Over the past week, Christie attacked Rubio in starkly personal terms, calling him a sheltered lightweight and worse. “Maybe he’ll do more than 40 minutes on a little stage telling everybody his canned speech that he’s memorized,” Christie said in Bedford on Tuesday, voice dripping with disdain. “This isn’t a student-council election, everybody. This is an election for president of the United States. Let’s get the boy in the bubble out of the bubble.” He added, “It’s time for him to man up and step up and stop letting all of his handlers write his speeches and handle him.”
At every town hall, a version of this pitch was near the top of Christie’s remarks (which, it should be said, are loose and fluent, but certainly include their share of talking points and practiced, word-for-word spiels): a warning not to elect a callow, first-term U.S. senator with no accomplishments to speak of. Rubio, he told the audience in Salem—a bright floodlight behind him, a blue banner reading “CHRISTIE 2016: TELLING IT LIKE IT IS”—“gives the same six answers to every question.
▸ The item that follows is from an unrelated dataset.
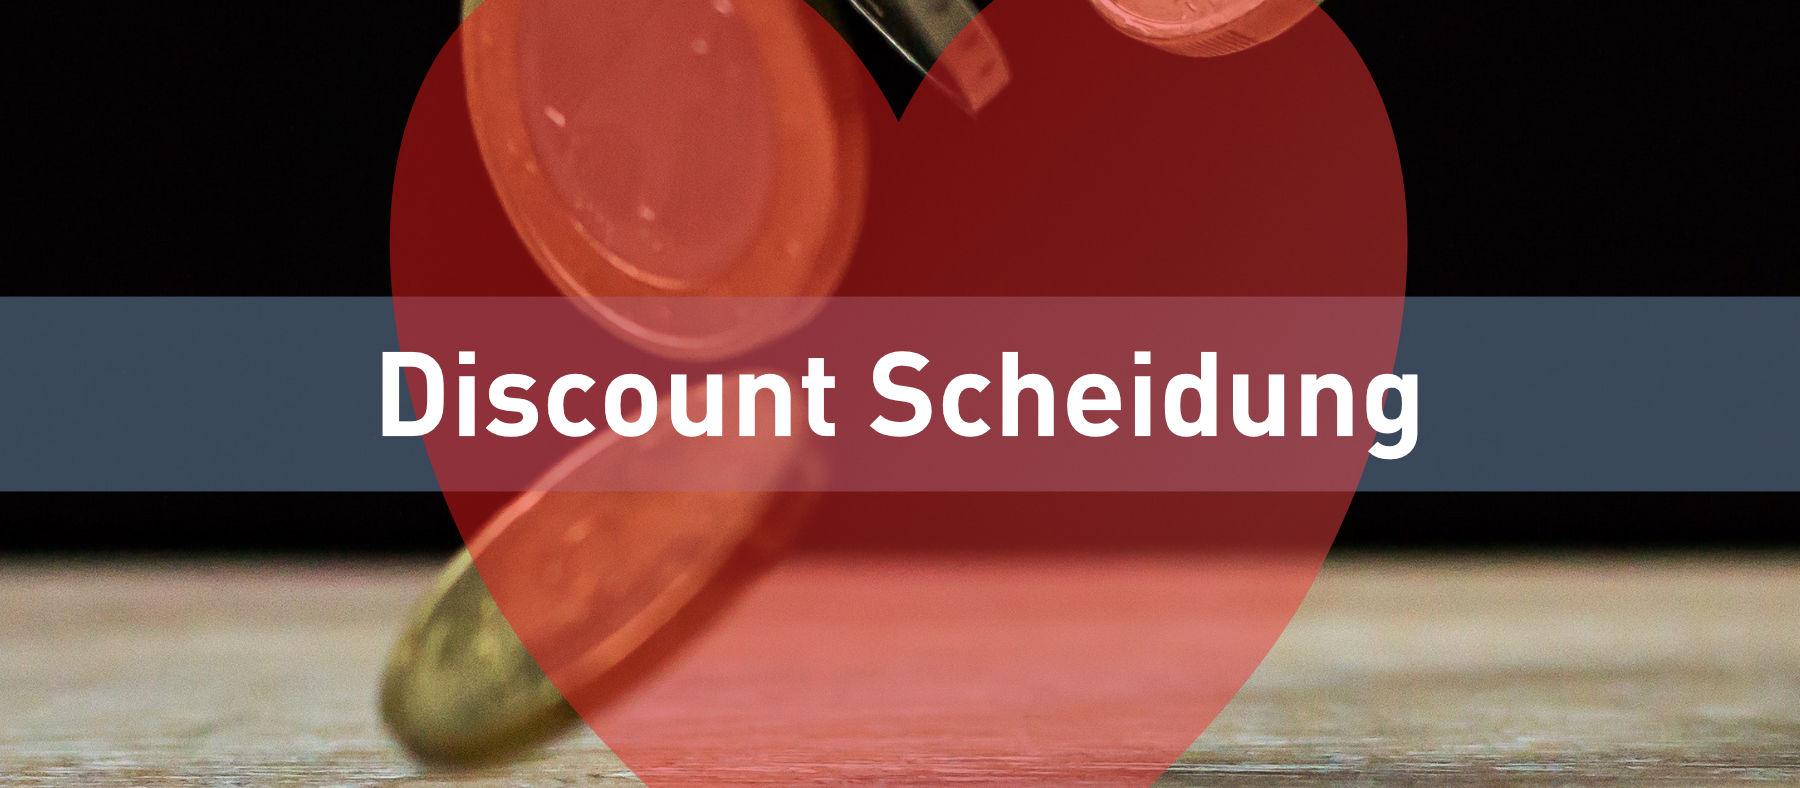 discount-scheidung

Right now, because they like him, they call him disciplined.” There was, he implied, another word for it.
And so it should have come as no surprise to Rubio when, on Saturday, Christie roared into the final debate before the New Hampshire primary and locked onto his target. The moderators tossed Christie a strike right over the plate. He leveled exactly the criticism of Rubio he’d been making for days—and Rubio froze.
“There it is!” Christie cried, after Rubio repeated the same odd line for the third time in a row. “There it is. The memorized 25-second speech. There it is, everybody.” The old prosecutor was up there, cross-examining the witness, and all the witness could do was cling to his ever-more-implausible story. By the time the debate was over, Christie's pummeling of Rubio was the big headline of the night.
The next day, Sunday, Christie took a victory lap. “I think the whole race changed last night,” he said on CNN. “What I've been saying about Senator Rubio was on full display last night,” he said on Fox. “When the lights go on, I told you he wouldn’t be ready,” he told a town-hall audience in Hampton. Christie’s staff added an extra event to his schedule so he could gloat some more.
In the early evening, he glided into Cactus Jack’s in Manchester, which was packed with a pre-Super Bowl rush of people wearing Christie stickers. A cheer went up as he worked his way through the crowd, the mingled smells of steak fries and tacos wafting through the air. “We had a good time last night in that debate, what’d you think?” he grinned, as a clutch of cameras captured the moment.
He was still a long shot, with a lot of ground to make up between Christie and the prize he sought. But for one shining day, Chris Christie was back in the spotlight, where the big man believed he rightly belonged.